If Alec Baldwin was looking for omens on the eve of his manslaughter trial, there were plenty to be found.

On the night before the State v Alexander Rae Baldwin case began in the Santa Fe courthouse, a thunderstorm swept through town, with heavy rain sluicing through the dusty streets and lightning flashing across an angry purple sky.

The following night, a power outage plunged the downtown area into darkness for over two hours. At this time of year in New Mexico, authorities warn everyone to be monsoon-aware and ready for what locals call downburst winds — but how could Alec Baldwin possibly prepare for the tornado that has barrelled through his life?

The Emmy award-winning actor had been charged with involuntary manslaughter over his role in the fatal shooting of cinematographer Halyna Hutchins on the set of his western film, Rust. The incident happened in October 2021, when cast and crew were rehearsing on the Bonanza Creek movie ranch, about 20 miles south of Santa Fe.

A gun held by Baldwin went off — he claims he did not pull the trigger — and the live bullet, mistakenly loaded instead of a dummy or a blank, killed Hutchins and injured director Joel Souza.

Actor Alec Baldwin interacts with his wife Hilaria Baldwin during his hearing in Santa Fe County District Court

Actor Alec Baldwin interacts with his wife Hilaria Baldwin during his hearing in Santa Fe County District Court

Yesterday the case against him was sensationally dismissed midway through the trial after the judge said there had been errors by the prosecution in the handling of evidence that ‘impacted the fundamental fairness of the case’.

Prior to this bombshell, through a long week in court — during litigation, jury selection and finally opening statements on Wednesday — Baldwin had presented himself as the innocent accused, the earnest defendant in a smart suit and tie.

However, he’s not going to win any Emmys for this performance. Perhaps it is the 66-year-old actor’s bad luck that his resting face often folded into an unfortunate quasi-sneer and that his factory setting of tetchy diffidence was hard to disguise. Perhaps it was his lack of familiarity with court proceedings that made him get up on Thursday afternoon and just walk out of the courtroom in the middle of the trial — to the surprise of his own legal team — only to return a short while later with a cup of coffee.

Baldwin’s abrupt exit came as the prosecution were outlining evidence revealing that just hours after the fatal shooting, he told his wife Hilaria to carry on with arrangements to bring their young family to New Mexico for a holiday. In a FaceTime call made when he was being interviewed by police officers, he promised a ‘good time’ and added that they wouldn’t get their money back for the flights anyway.

It’s not every man who can be so pragmatic and fiscally aware in the middle of a tragedy.

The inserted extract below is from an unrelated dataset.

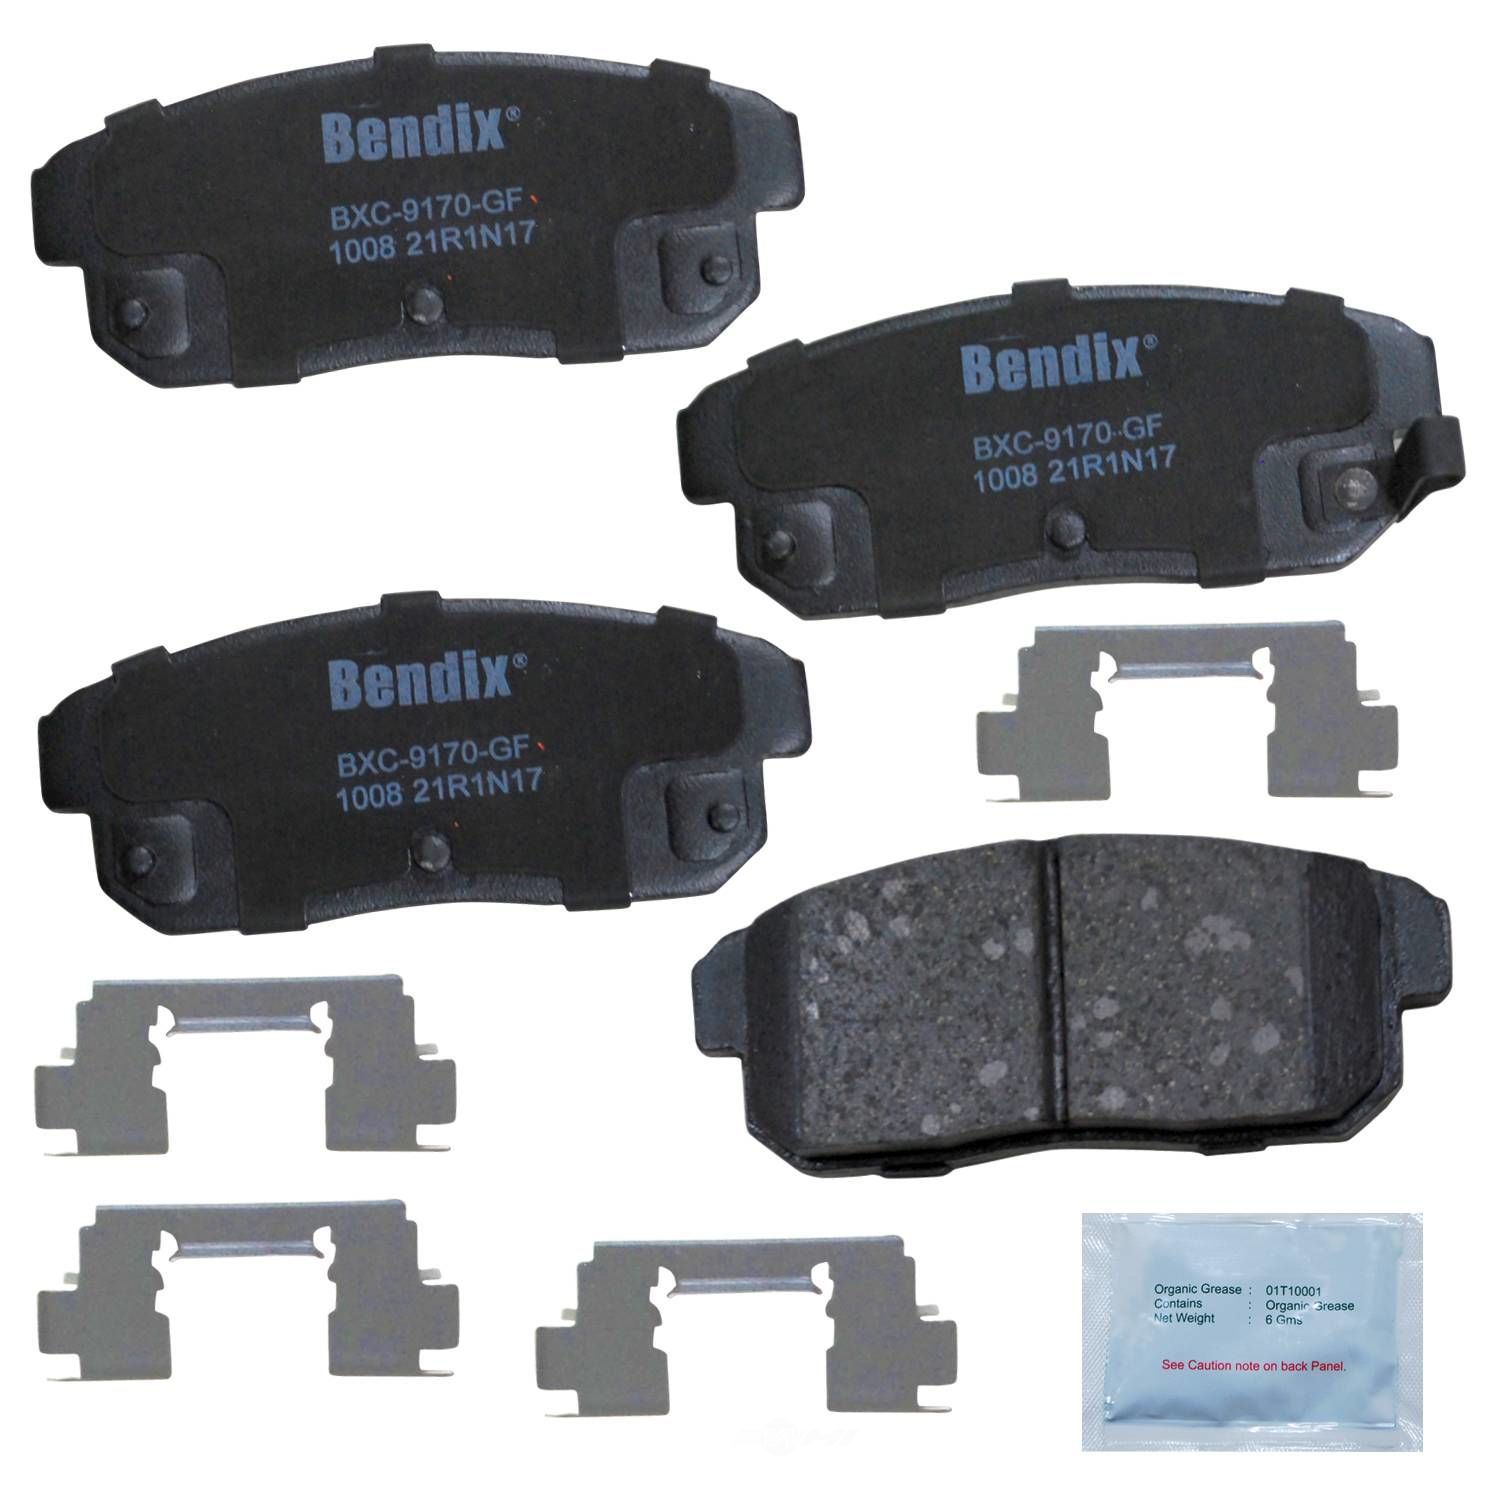 BENDIX PREMIUM COPPER FREE - Bendix Priority One Ceramic BPR - BPF CFC1008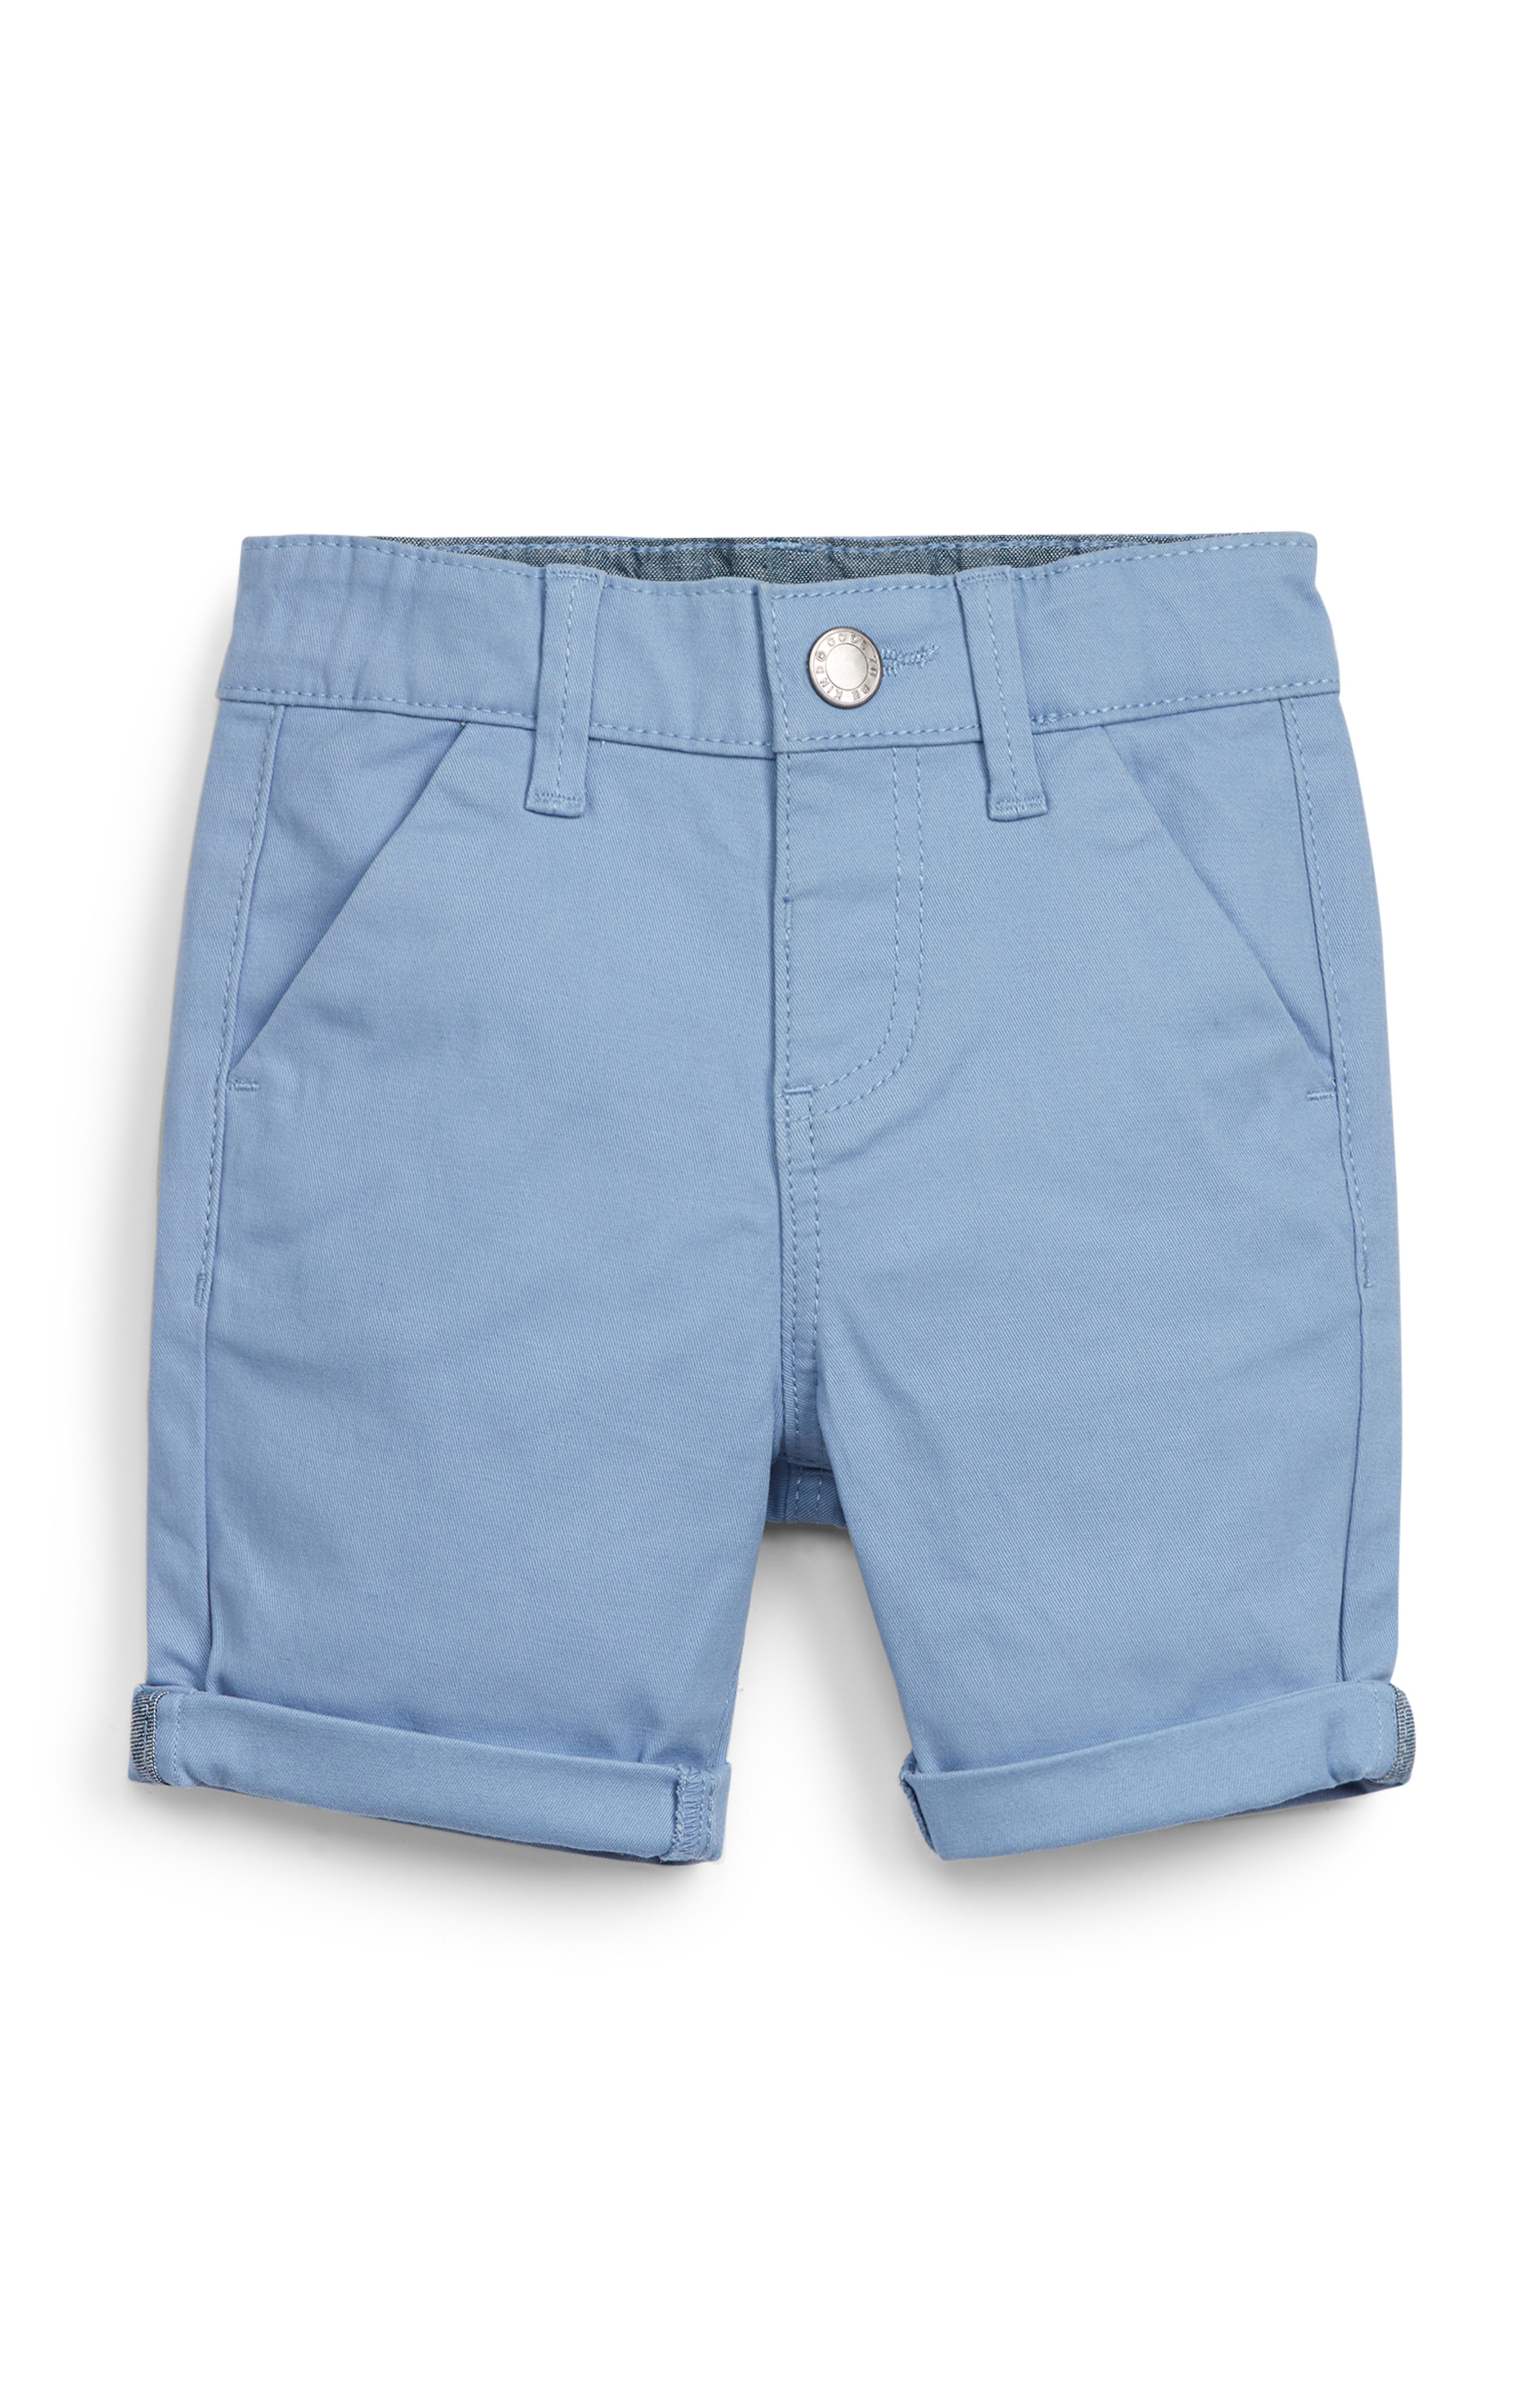 Baby Boy Blue Chino Shorts | Baby Boy Clothes | Baby & Newborn Clothes ...

Especially a man who wrote in Nevertheless, his 2017 memoir: ‘I have an above average empathy for other people’s feelings.’

Hannah Gutierrez-Reed talks with her attorney and her defense team

Hannah Gutierrez-Reed talks with her attorney and her defense team

More eyebrows were raised this week when the couple and two of their children went shopping in downtown Santa Fe, where Alec cheerfully signed autographs for fans in a coffee shop. Was this appropriate behaviour for the accused in the middle of his criminal trial? Or would hiding away have been seen as an admission of shame and guilt?

It is no secret that the Baldwins have signed up to make a TLC reality television show with their seven young children. This gives rise to the suspicion that every public outing with the kids is now a strategic ploy, an orchestrated pageant designed to tickle interest and attract viewers — even if they really are just another family popping out for an ice cream.

The irony is, Alec and Hilaria are doing the show out of necessity — now that his job offers have dried up, they need the money. For a start, the top lawyers on his elite legal team charge at least £1,500 an hour — each.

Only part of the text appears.